In Backbone, a view is not a markup template like show.html.erb, instead, it contains all relevant code to that markup resource in one spot. So, instead of defining all your event listeners in a remote, question_show.js file and handling all your AJAX updates in various js.erb files, all event listening and publishing relevant to the questions show resource is contained in one place, the Backbone question show view. Granted, comment could have its own view and comments their own collection, as well as other MVC elements I'm not mentioning. But point being, Backbone helps you define front-end resources.
2) Choosing a JavaScript framework like Backbone helps take some of the load off your server for code that really doesn't need to be executed server-side. Why render all your markup elements in html.erb templates on the server when it could be done in the client's browser. In response to questions of security, you have the ability to whitelist/blacklist database object attributes when formatting your database object as JSON and shipping it to the client.

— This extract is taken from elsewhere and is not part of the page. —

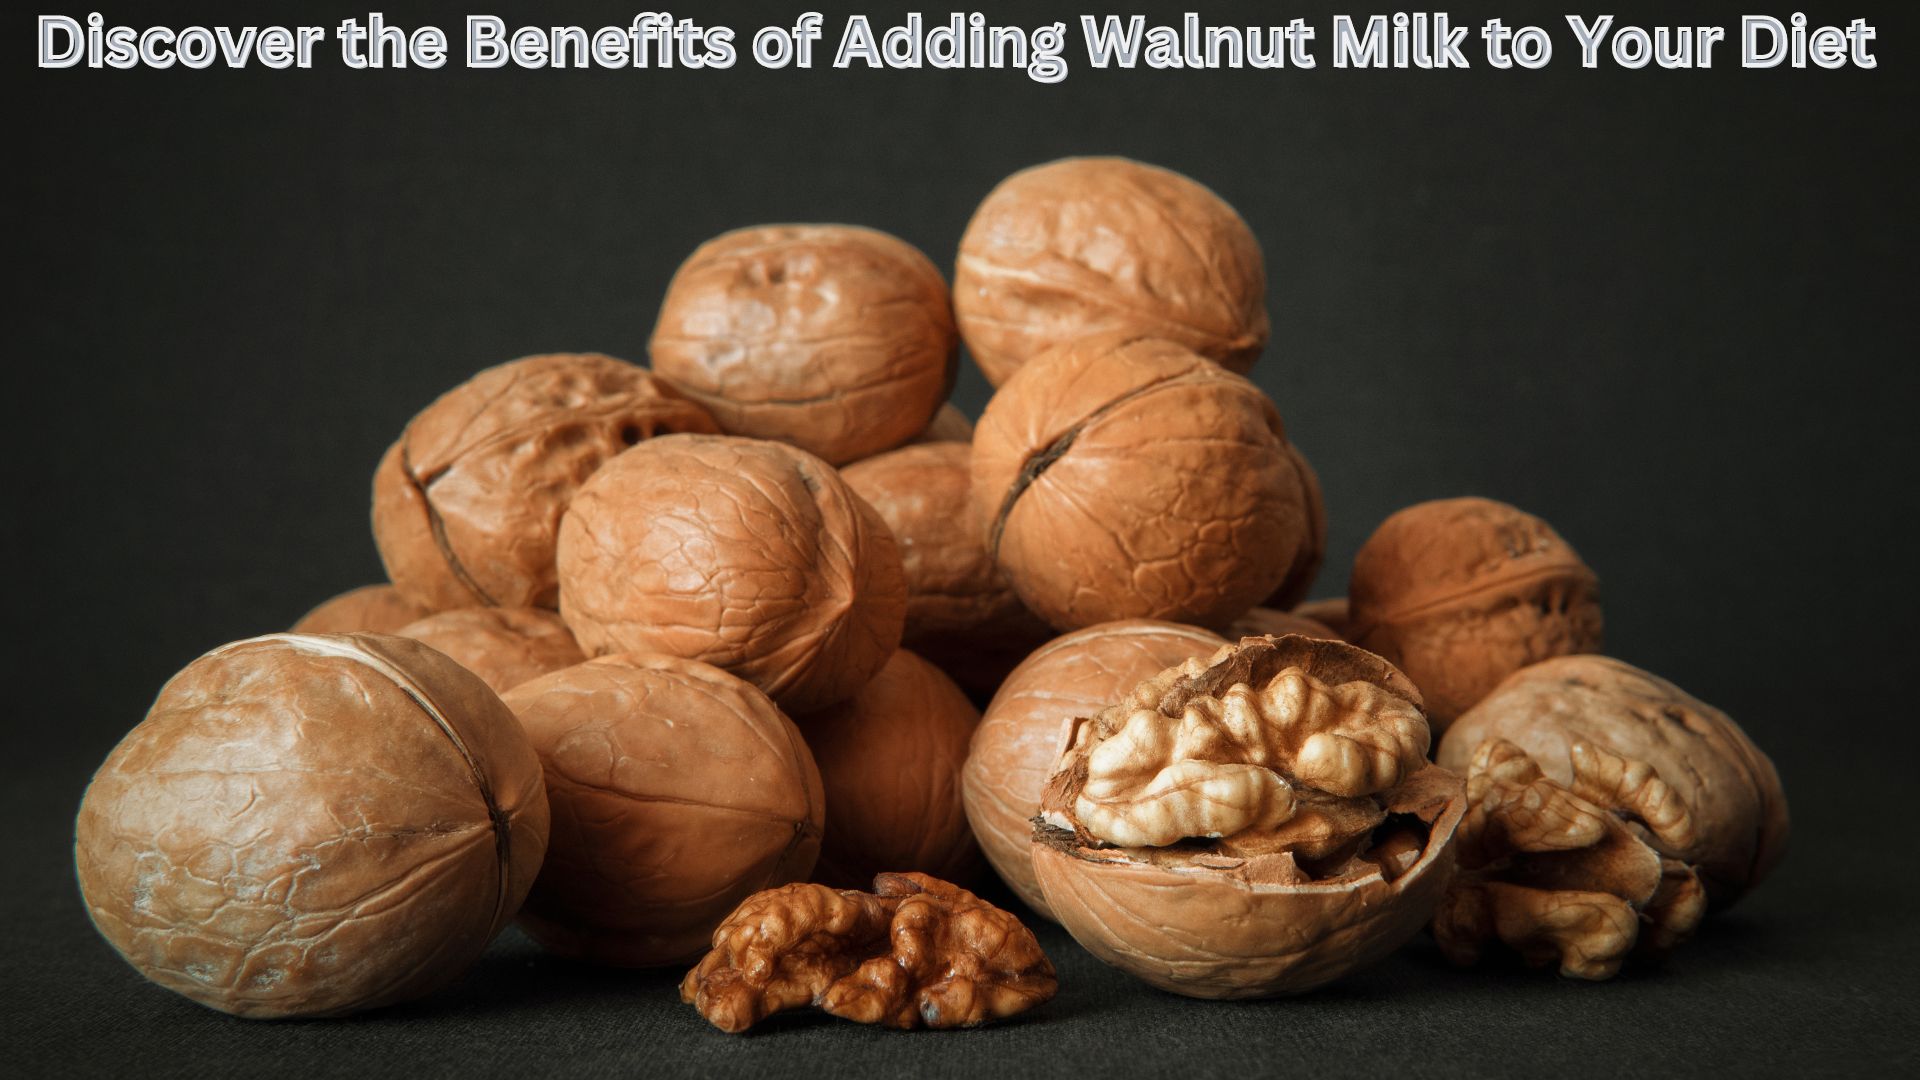 Discover the Benefits of Adding Walnut Milk to Your Diet

3) Backbone (specifically) seems to give a good amount of freedom. It provides a set of conventions to help organize your application, but at the end of the day it's your framework you're developing. The MVC framework of Backbone is less one-way than Rails, yet the solid conventions persist.
4) With Backbone (not speaking for or against other frameworks), pushState is easily implemented into a framework that expects its use cases. However, pushState has its downsides in terms of crawlers accessing your content, and requires some server-side rendering to be incorporated in a crawler-friendly way. What's great though, is that you can attain the same history/degradability in using Backbone out-of-box; their url fragments allow for the same functionality, they just have an extra # in there.
There are plenty of other reasons to use a framework like Backbone, and it really seems like there are a lot of alternatives because one framework does not fit all. But for what I can attest to, Backbone seems to be a great framework if you're building an app from scratch. And it also seems very doable if you want to incorporate it into an existing application.